Everybody loves a good robot or two. Here at WFMU, we have three of them. Two of them call up our DJs from time to time and say things like "telemetry channel - zero zero." From time to time, you might hear one of our DJs announce on the air that they have to go back to music right away because the robot is calling. It's true. When the robot calls, a bright strobe light goes off in the studio, everybody has a seizure and the DJ is supposed to drop everything and find out what the robot has to say.
Our third robot, I can't tell you what he does. But he lives on Mike Lupica's desk and he has an arm that moves back and forth and does stuff. Dave the Spazz opens his show with a robot. You know the one - Hal, from 2001 A Space Odyssey. The one with the heavy breathing who goes "Just what do you think you're doing, Dave?"
Now that I think about it, we actually have four robots. Last August, we had a five day long internet stream of left-wing claptrap called the RNC Remix. We had a bank of automated programming to fall back on in case we didn't have enough DJs. We called it the "Flaming Robot of Love" (streaming mp3) and it was one of the remix's most popular features. And if we count the Flaming Robot of Love, then we have to count Nachum's new audio robot that programs his web-only stream nineteen hours a day. So that's five. Five robots.
Last Wednesday I had such a bad case of laryngitis that I couldn't make a sound. The night before my show, I decided to do my show anyway, using a text-to-speech generator I found on the web. I figured I would type out my announcements, download the audio file and play it on the air. The text-to-speech generator I found had a fairly robotic sounding male voice, not unlike the crappy text-to-speech programs that comes built in to Macs.

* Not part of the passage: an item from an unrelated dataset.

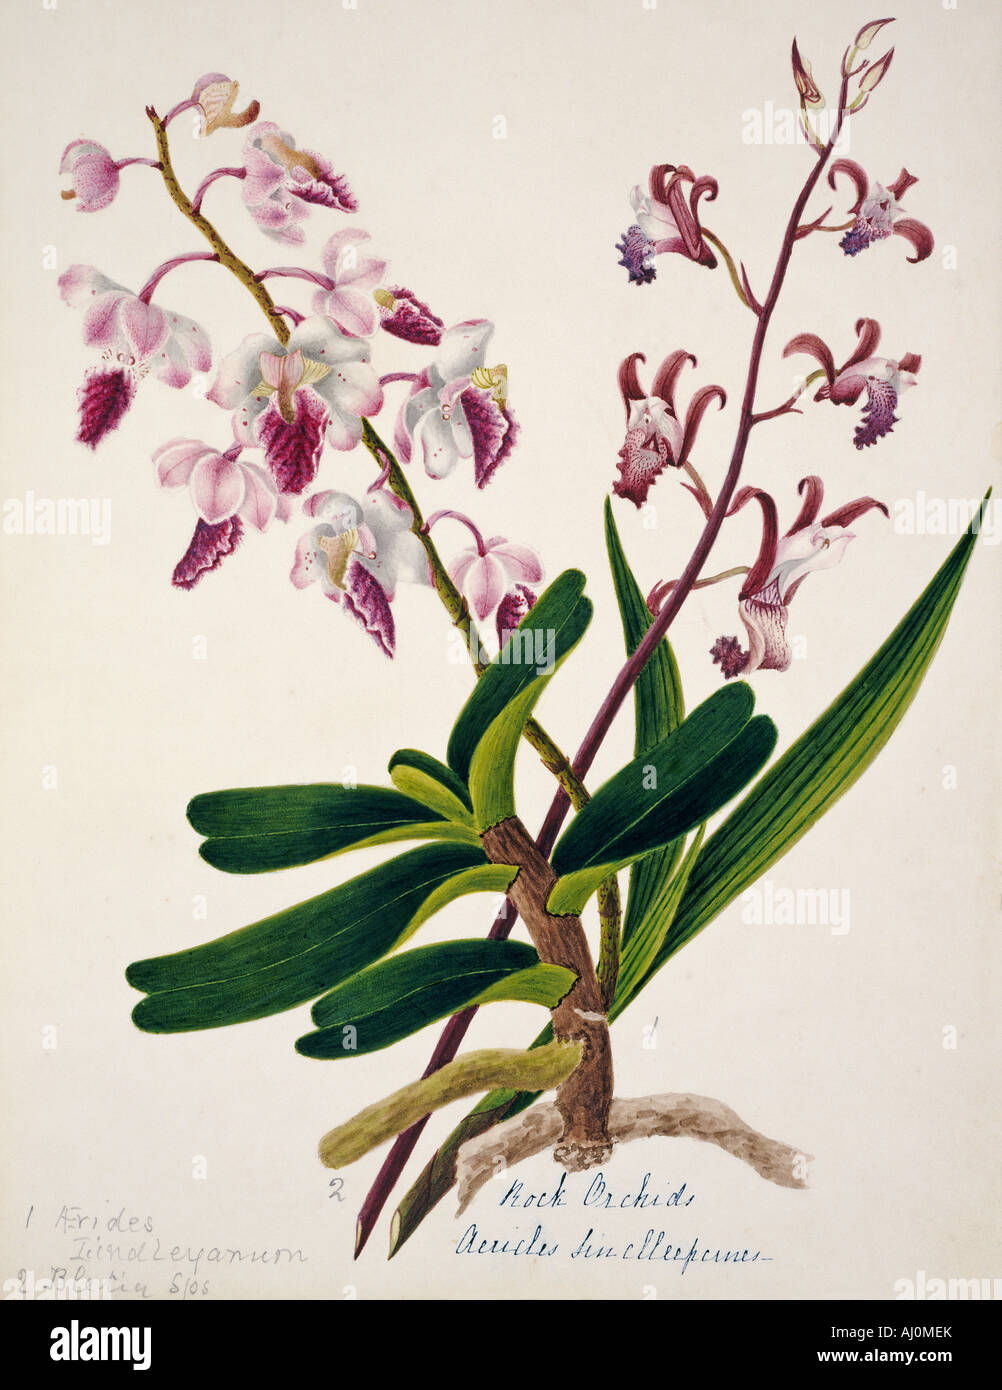 Aerides iindleyanum rock orchid Stock Photo

But as my show began, listener Doug sent me a much better text-to-speech site, this one here. I started using the Spanish male voice, also known as "M022" and I was amazed at how expressive he was. He reminded me of Julio I., my former nemesis at Upsala College. Before I knew it, Julio was bitching at me, just like old times. Soon he was recording public service announcements like this one (mp3).
After the show, I started wondering how that site worked - were the
voices made of tiny bits of recorded human speech, or were they actually
synthesized - and what was the real purpose of a company like this? It
turns out that the speech was synthesized, and scansoft
markets its speech technology to all sorts of companies - anyone
needing robotic voices that sound human. Which is a lot of companies, when you think about it.
As I played with the site some more, I found a British female voice that I actually recognized. This was the exact same voice that my friend Adam had built in to his car's global positioning system. Adam would type in his destination, and the British lady would tell him exactly where to go.
One day, Adam and I drove to Parsippany to visit one of the station's computers. As we headed back, Adam got off at the wrong exit, and we ended up on First Street in Newark. I tried telling Adam how to get back to Jersey City, but no. He wanted to listen to the British robot lady. She calmly told us that we had taken a wrong turn, and where we should go now to get back on track. She proceeded to direct us into the most crack infested neighborhood in North America. I can still remember her voice as Adam was pulled from the car and beaten within an inch of his life. This is what she said (mp3).